“Gay” or “Straight”?

Where did these concepts come from? Why has the church accepted these definitions without a second thought?

 Christopher Yuan’s book Holy Sexuality and the Gospel blew my mind when I read it a year or two ago. Yuan did not grow up Christian, was kicked out of his Chinese-American home when he came out as gay, became a drug dealer, went to prison, (parents became believers), found a Bible in a trashcan, and started following Jesus. 

Here are some quotes from his book:

Prior to the mid-1800s, sexuality was understood strictly as behavior, not identity. No word existed to describe an individual with same-sex attraction.” (p10)

Secular men in the psychology field (Westphal, Freud, Krafft-Ebing) made the concept of “orientation” more mainstream.

Thus, heterosexual and homosexual became new, secular categories for personhood.” (p10)

The strong influence of these philosophies and movements on Western culture produced to vacuum. In the absence of any objective foundation for true identity, experience essentially became God.” (p12)

In the face of today’s widespread belief that experience supersedes essence, the correct way for Christians to comprehend identity — particularly as it relates to sexuality — it’s a better grasp who we are in light of God’s truth. True identity is not what I do (for example, I am a writer). Nor is it HOW I am (for example, I am happy). True identity is WHO I am. In other words, identity in Christ means union with Christ.” (p12)
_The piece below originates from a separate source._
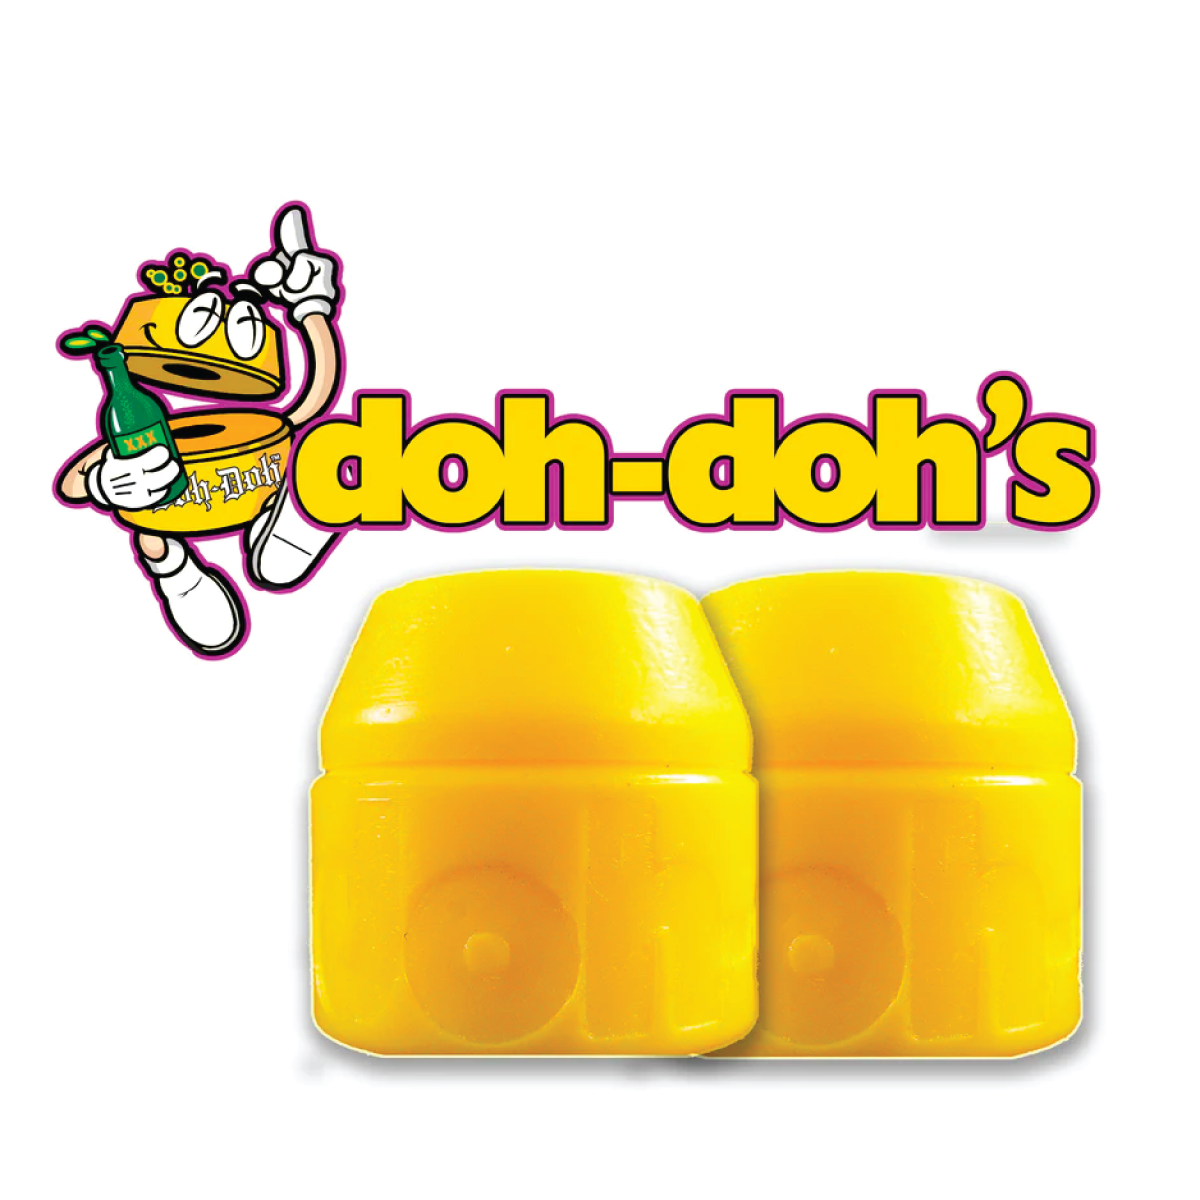 Short's Doh-Doh Bushing's

We cannot properly understand human sexuality unless we begin with theological anthropology… a true, faithful, and accurate anthropology begins with God.” (p12)

Christians need to be uprooted and up-righted in this conversation. If the roots of our beliefs about human sexuality have nothing to do with a good understanding of God’s definitions of humans and sexual behavior, but we’re borrowing from Freud, we need to take a step back and reevaluate our theology.
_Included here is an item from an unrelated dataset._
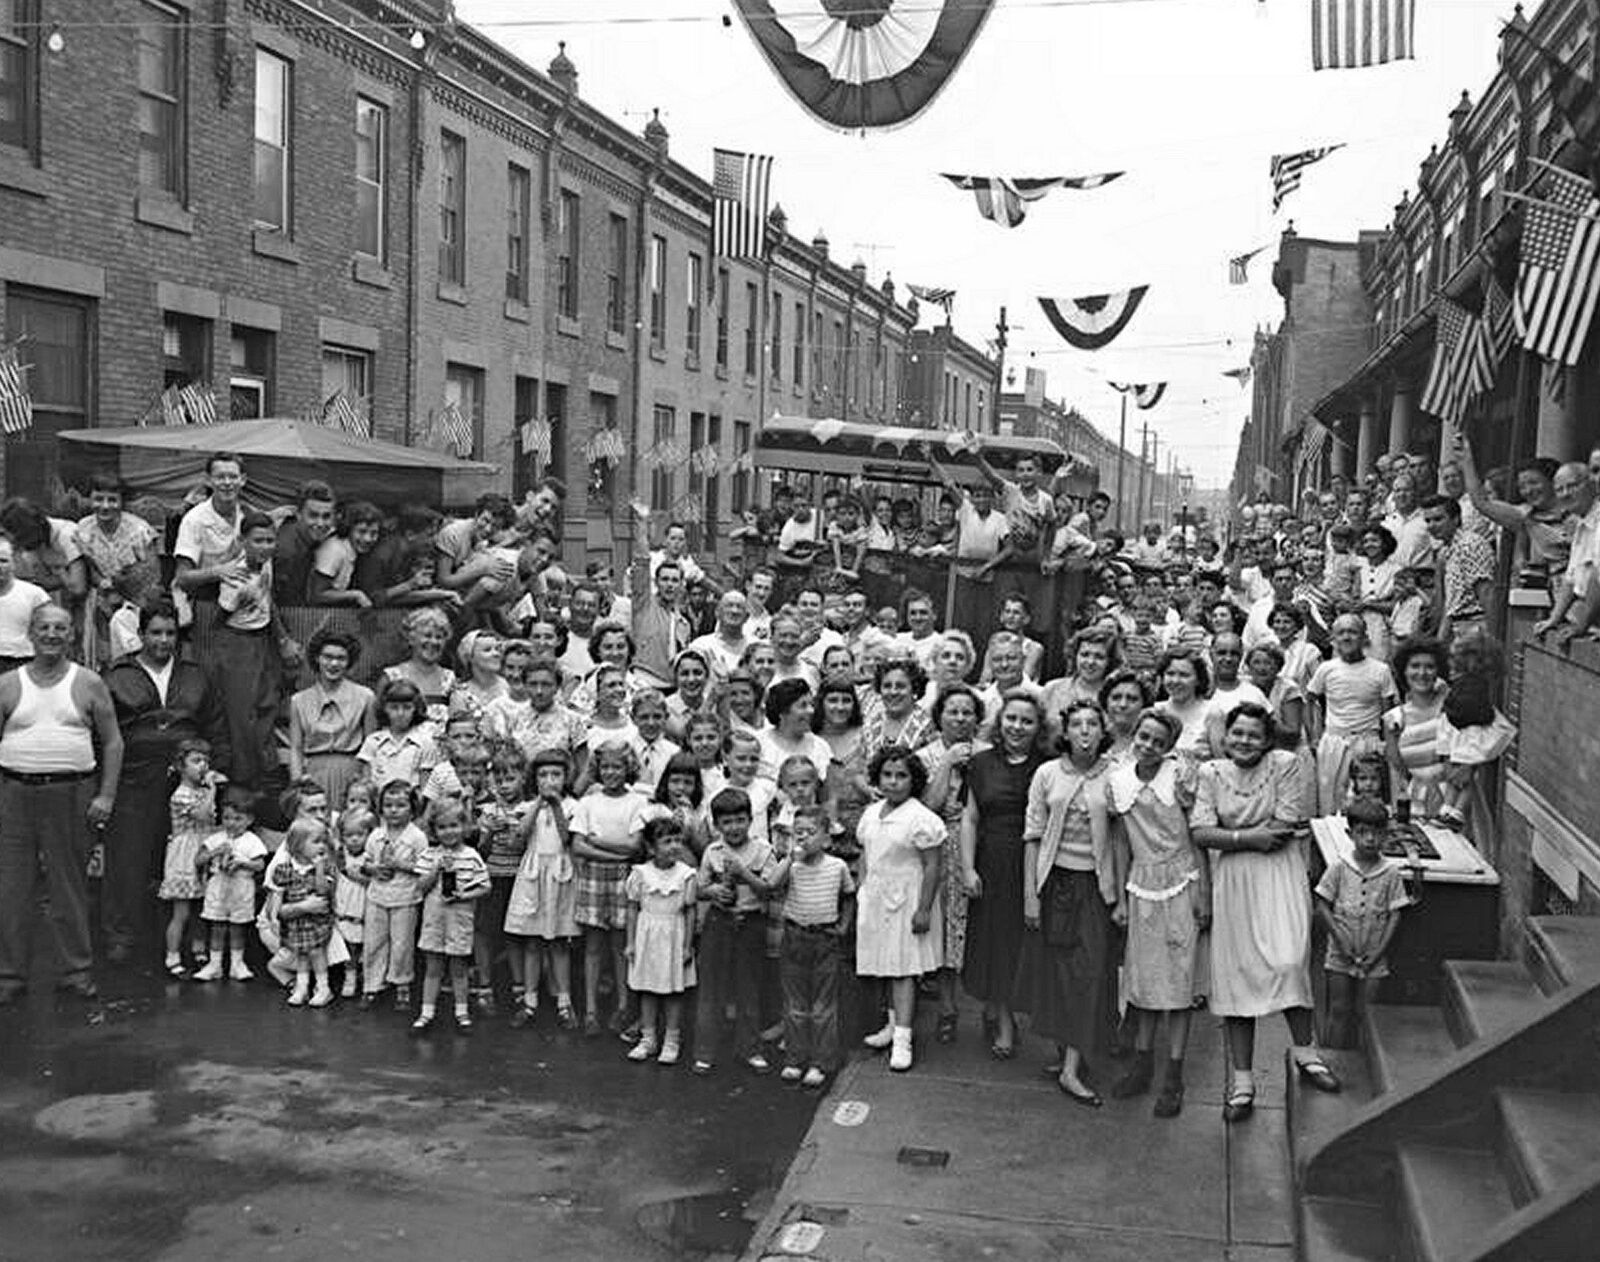 1950s SOUTH PHILADELPHIA STREET FAIR Photo  (196-O)

I don’t use the terms “gay” or “straight.” They’re not helpful or truthful forms of category as I have this conversation. I understand they’re helpful for some who want to use them, and I will say someone “identifies as” whatever they want. But you realize how many of it the popular arguments in this conversation fall by the wayside when you start playing by the Biblical definitions instead of the psychologists in the 1800s.